Action item: Give back the exact lines of the material below from the one containing "wpisany na listę" through the one containing "シャワーヘッド ナノバブル 節水 増圧 高洗浄力 ヘアケア 頭皮 毛穴 取付簡単", and no pictures.

Record excerpts:
----------

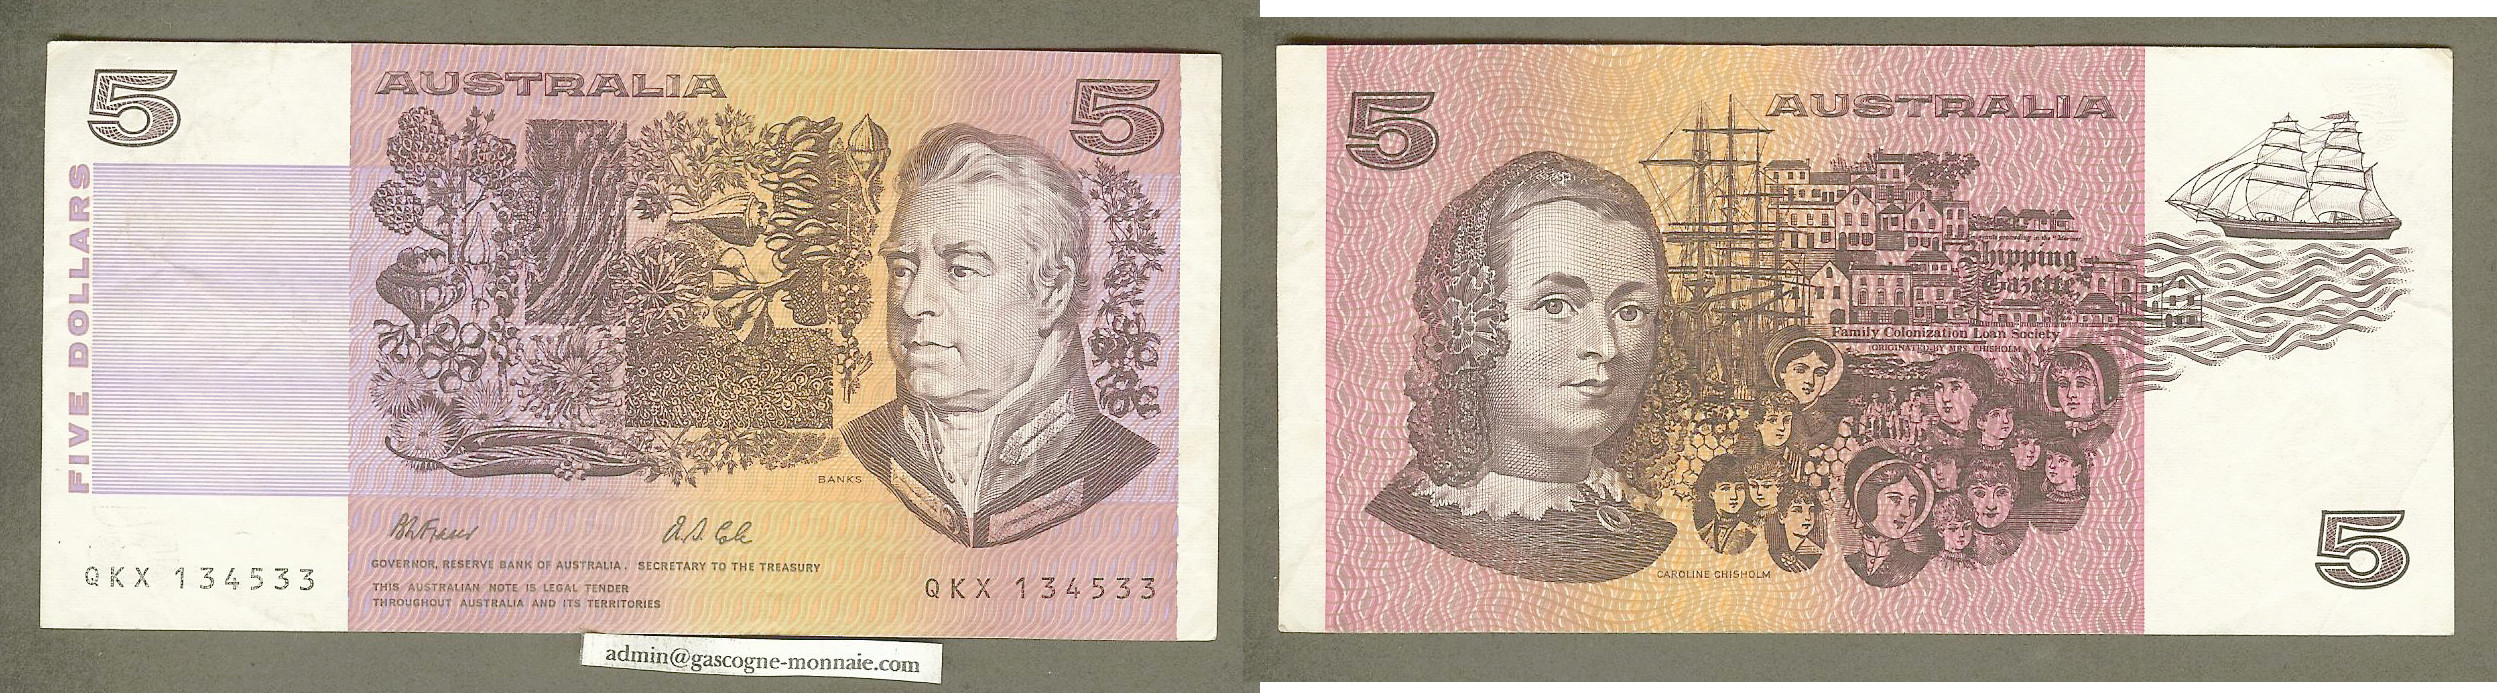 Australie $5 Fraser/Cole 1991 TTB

----------

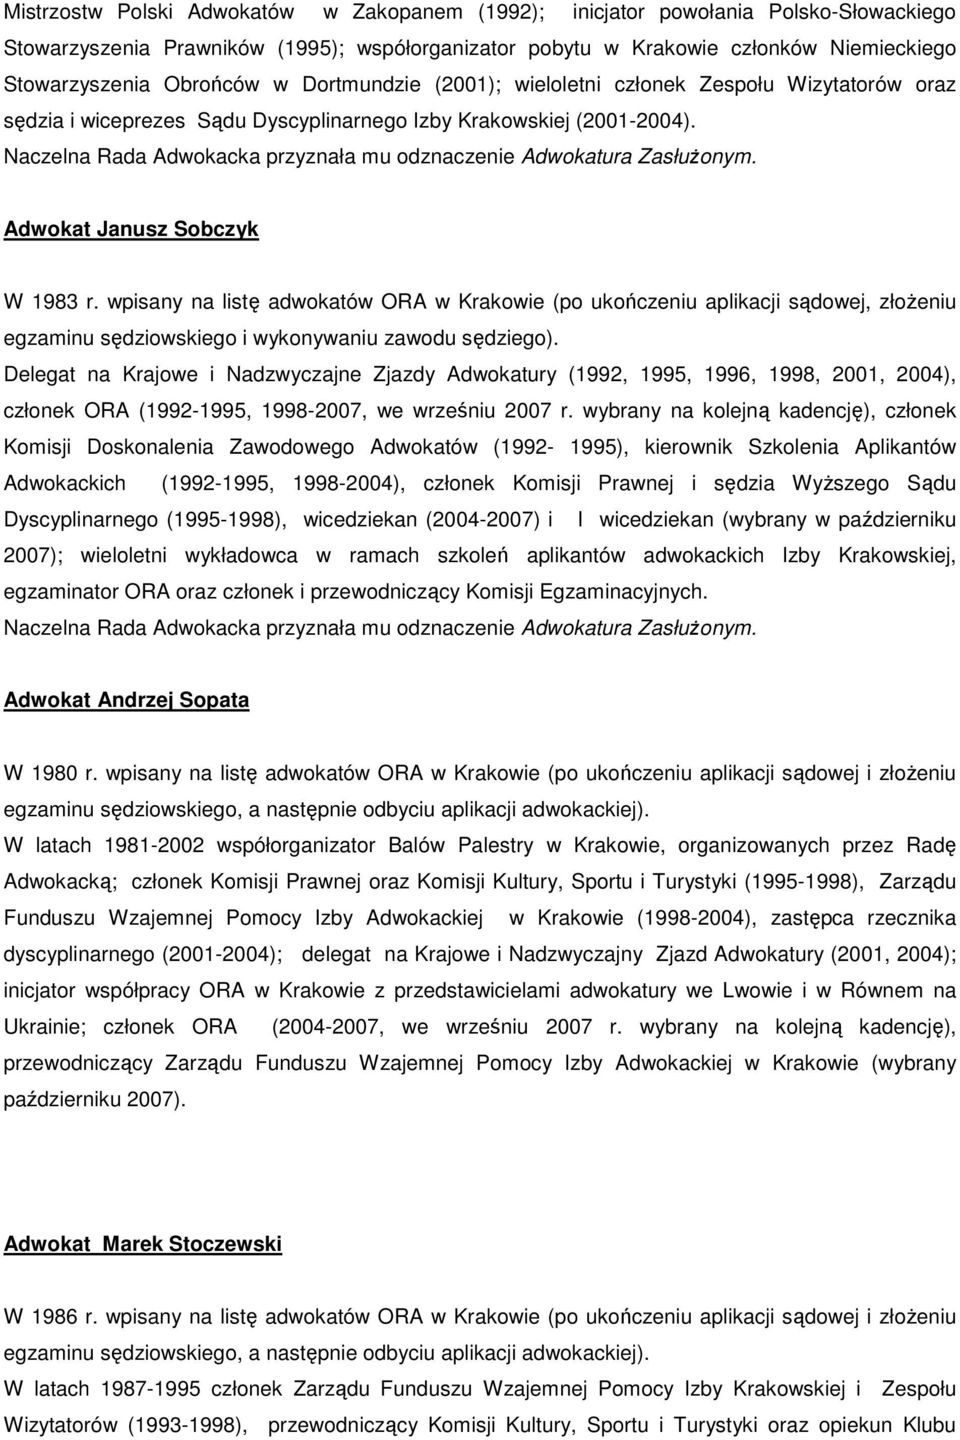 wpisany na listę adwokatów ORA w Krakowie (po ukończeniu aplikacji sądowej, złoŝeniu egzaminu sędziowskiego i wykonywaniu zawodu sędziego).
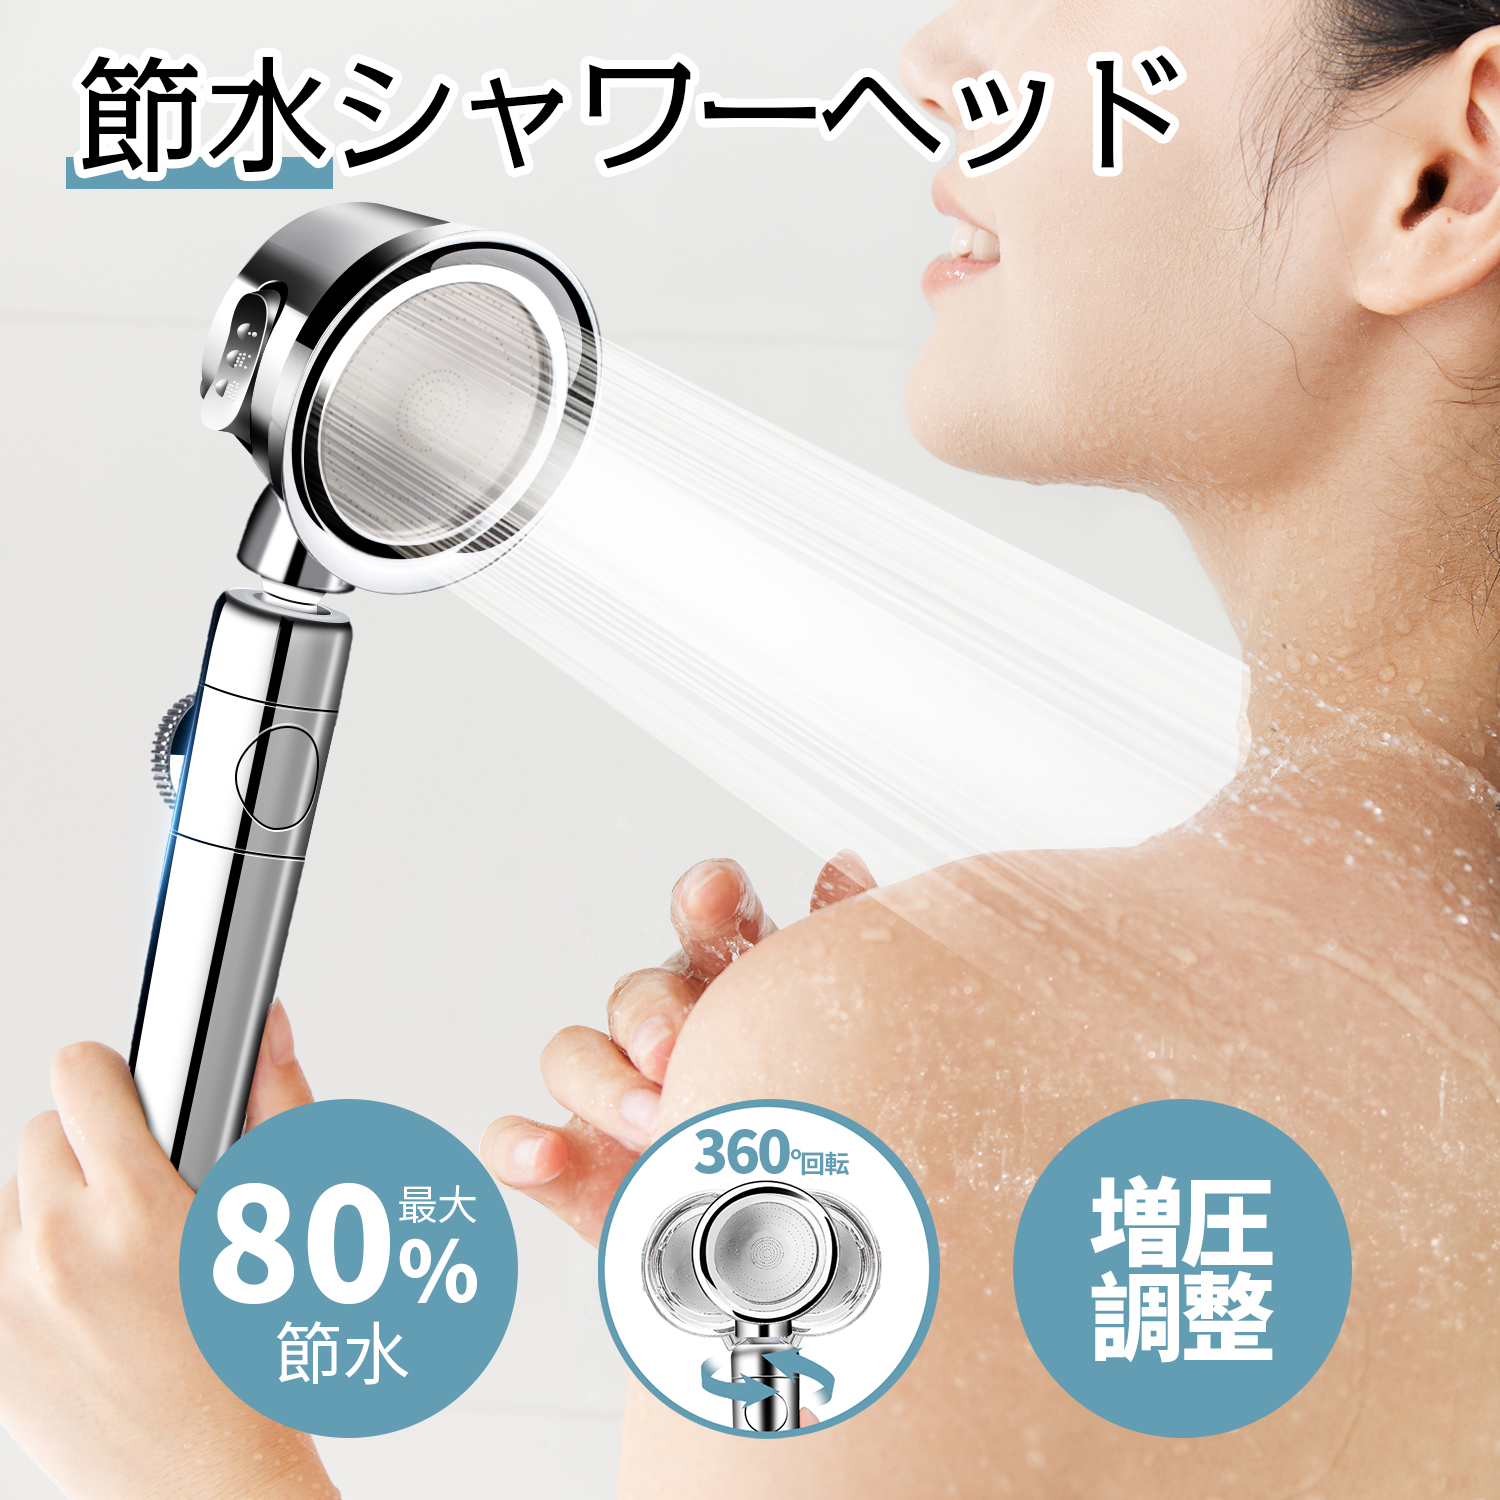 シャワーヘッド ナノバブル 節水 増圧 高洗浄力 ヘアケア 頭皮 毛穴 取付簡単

----------

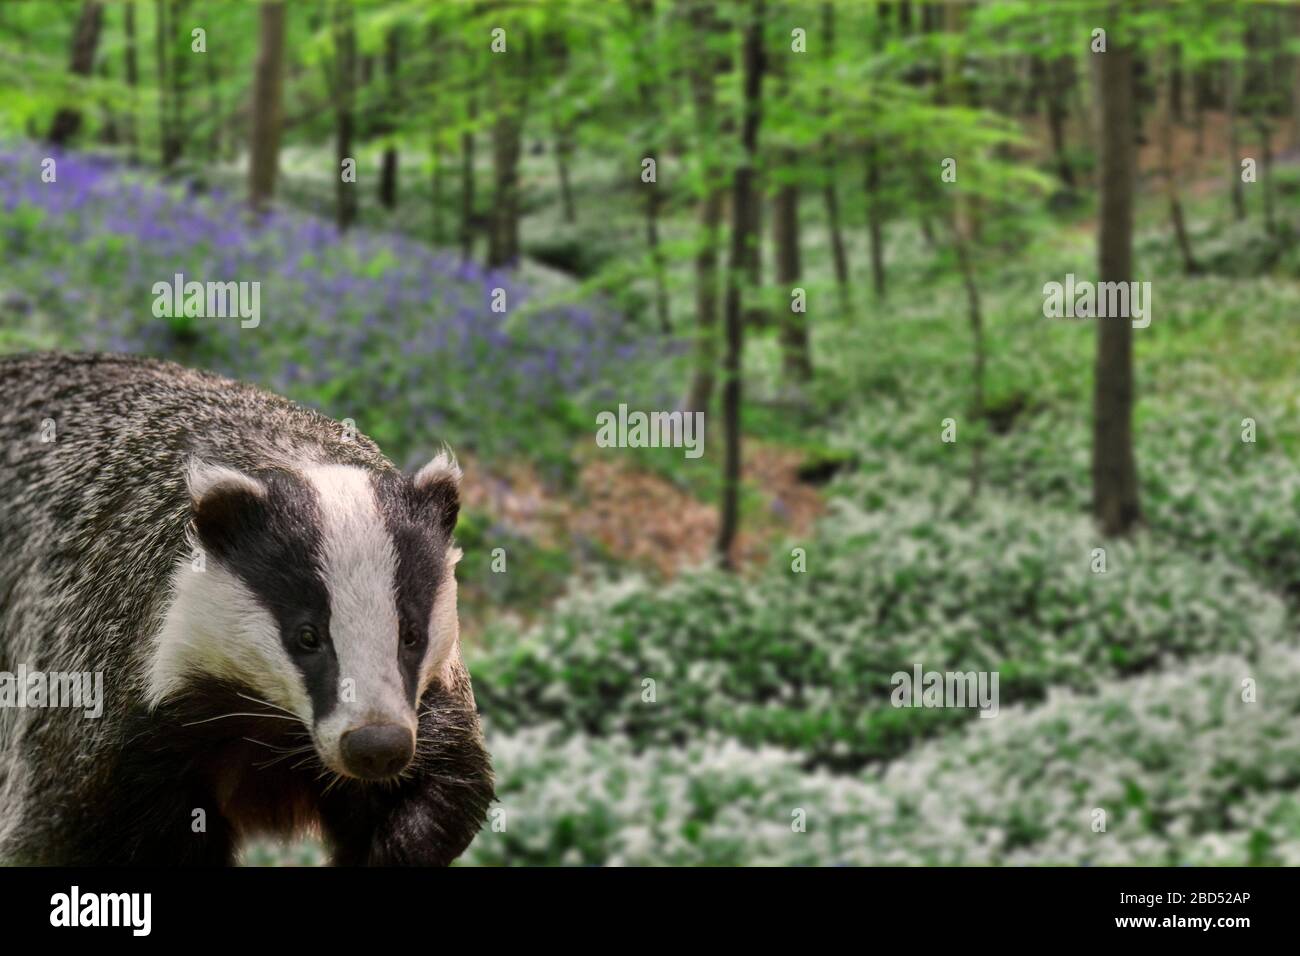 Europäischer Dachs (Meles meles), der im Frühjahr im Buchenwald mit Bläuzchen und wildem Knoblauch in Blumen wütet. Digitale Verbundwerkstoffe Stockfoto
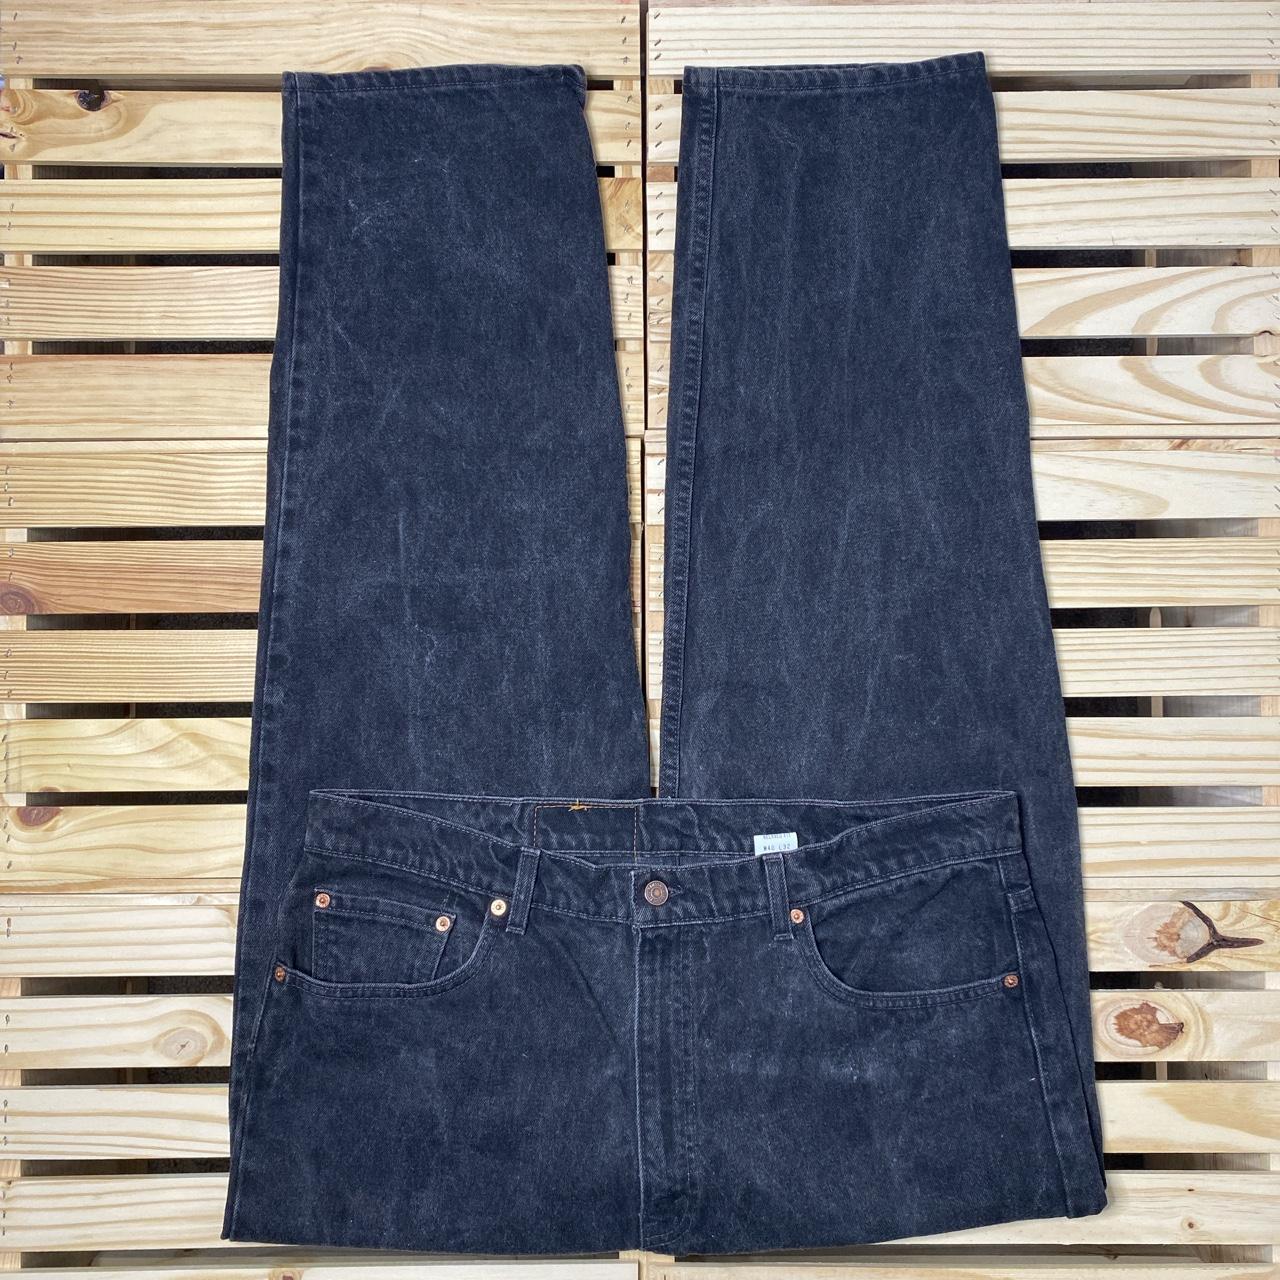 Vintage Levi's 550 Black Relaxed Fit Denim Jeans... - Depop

----------

Response to this task:
 wpisany na listę adwokatów ORA w Krakowie (po ukończeniu aplikacji sądowej, złoŝeniu egzaminu sędziowskiego i wykonywaniu zawodu sędziego).
 シャワーヘッド ナノバブル 節水 増圧 高洗浄力 ヘアケア 頭皮 毛穴 取付簡単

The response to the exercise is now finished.